Klar ist es das - aber genau das bringt doch eine ganze Menge Spannung in das Buch! Der geneigte Leser ahnt schon sehr früh, wer der wahre Prinz der Insel ist ... während die Retter alles daran setzen, den vermeintlichen Prinzen zu finden. Alle Bemühungen laufen in die falsche Richtung und auch wenn ein erwachsener Leser weiß, wie es einfach kommen muss, fiebert er doch mit: Werden sie es noch schaffen? Wird die Wahrheit noch rechtzeitig ans Licht kommen?
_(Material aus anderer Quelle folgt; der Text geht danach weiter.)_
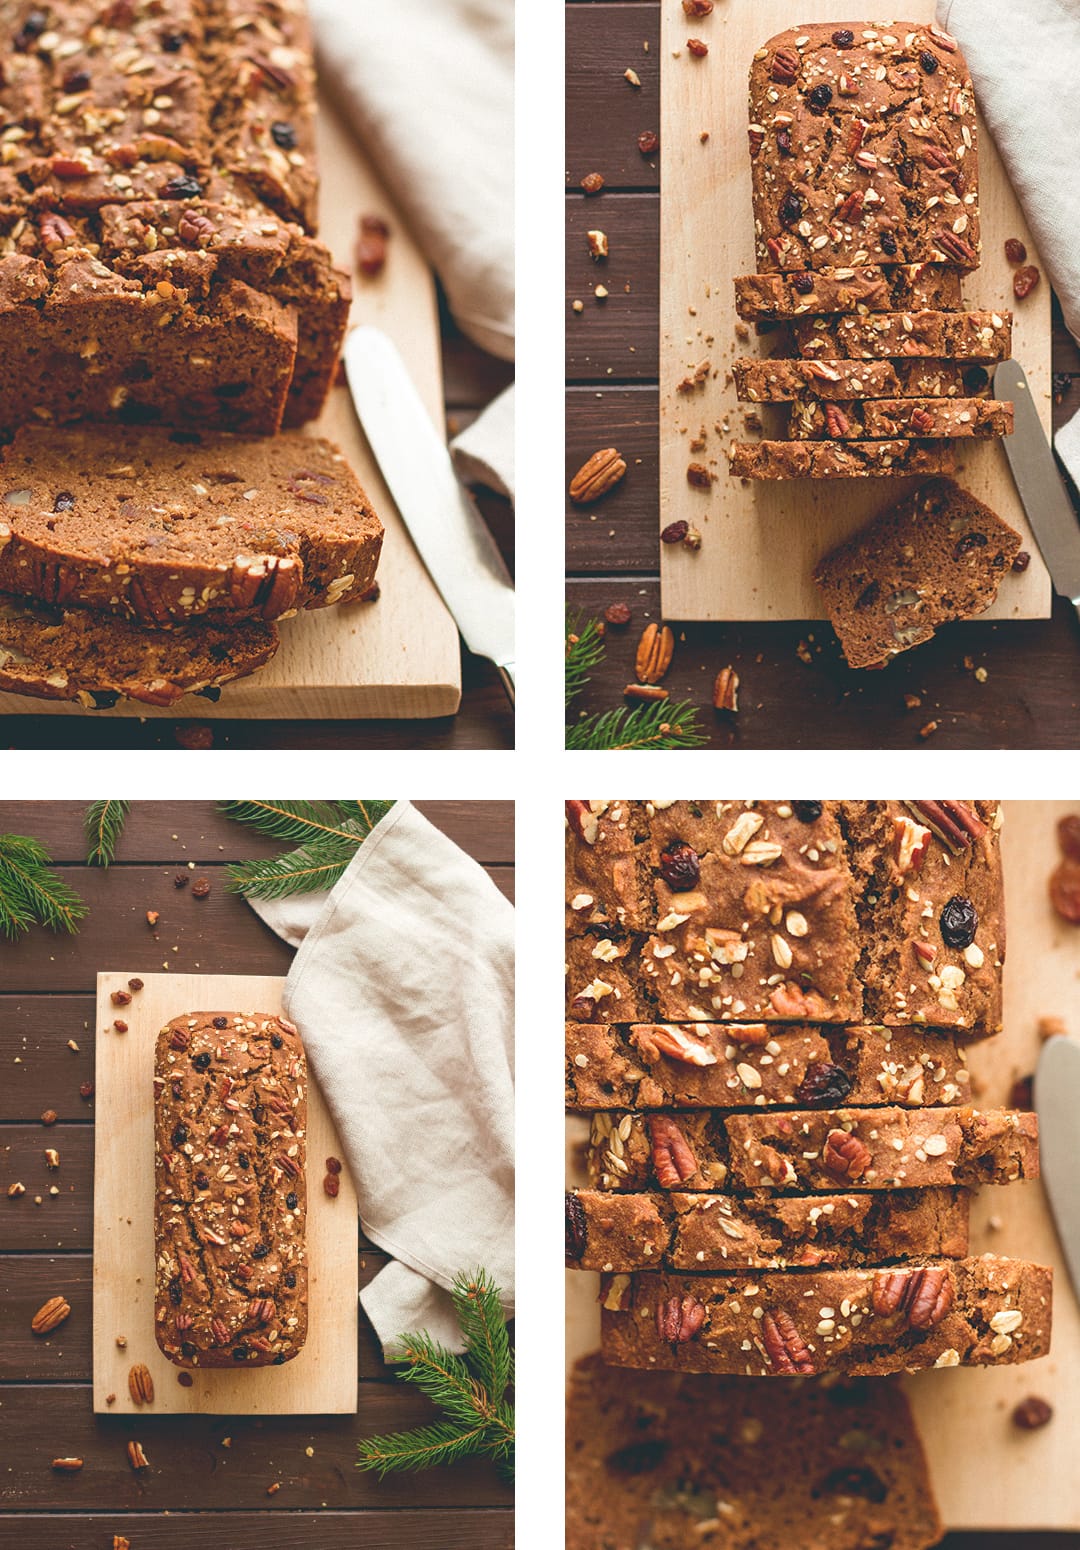 Christmas Spiced Bread with Nuts and Dried Fruit (vegan, gluten-free) - this bread is the perfect start to a crispy Christmas morning. You'll love this recipe! | thehealthfulideas.com

Ich finde dieses Buch absolut klasse!

Auch mir kam unvermeidlicherweise an manchen Stellen Harry Potter in den Sinn. Allerdings sind die Kinderbücher von Eva Ibbotson früher erschienen als die Harry-Potter-Bände. Und ich könnte mir glatt vorstellen, dass Mrs. Rowling die Geschichten der älteren Autorin durchaus bekannt waren, bevor sie sich an ihren Zauberlehrling machte.
Der Bahnsteig als Eingang in eine andere Welt, der fette, unausstehliche und verzogene Junge, der als Widersacher zum "Guten" agiert, die magischen Wesen bis hin zu den Pflanzen - all das kommt mir doch sehr bekannt vor.
Zwar hat J.K. Rowling aus diesen Elementen eine völlig neue Welt kreiert - und ich verschlinge ihre Bücher - aber Eva Ibbotson hat mit diesem Buch schon vor ihr eine Welt geschaffen, die bunt, lebendig, neu und sehr liebenswert ist.
Und sie ist witzig. Das Buch strotzt vor englischem Humor, manchmal absurd, manchmal anrührend.

Ich habe es verschlungen und dabei entspreche ich mit fast vierzig Jahren nun wirklich nicht der Zielleserschaft.
Aber ich kann es uneingeschränkt weiter empfehlen - sowohl Kindern ab etwa zehn Jahren als auch Erwachsenen, die sich ihren Sinn für gute Kindergeschichten bewahrt haben.
Ich habe bereits die nächsten Kinderbücher von Eva Ibbotson bestellt.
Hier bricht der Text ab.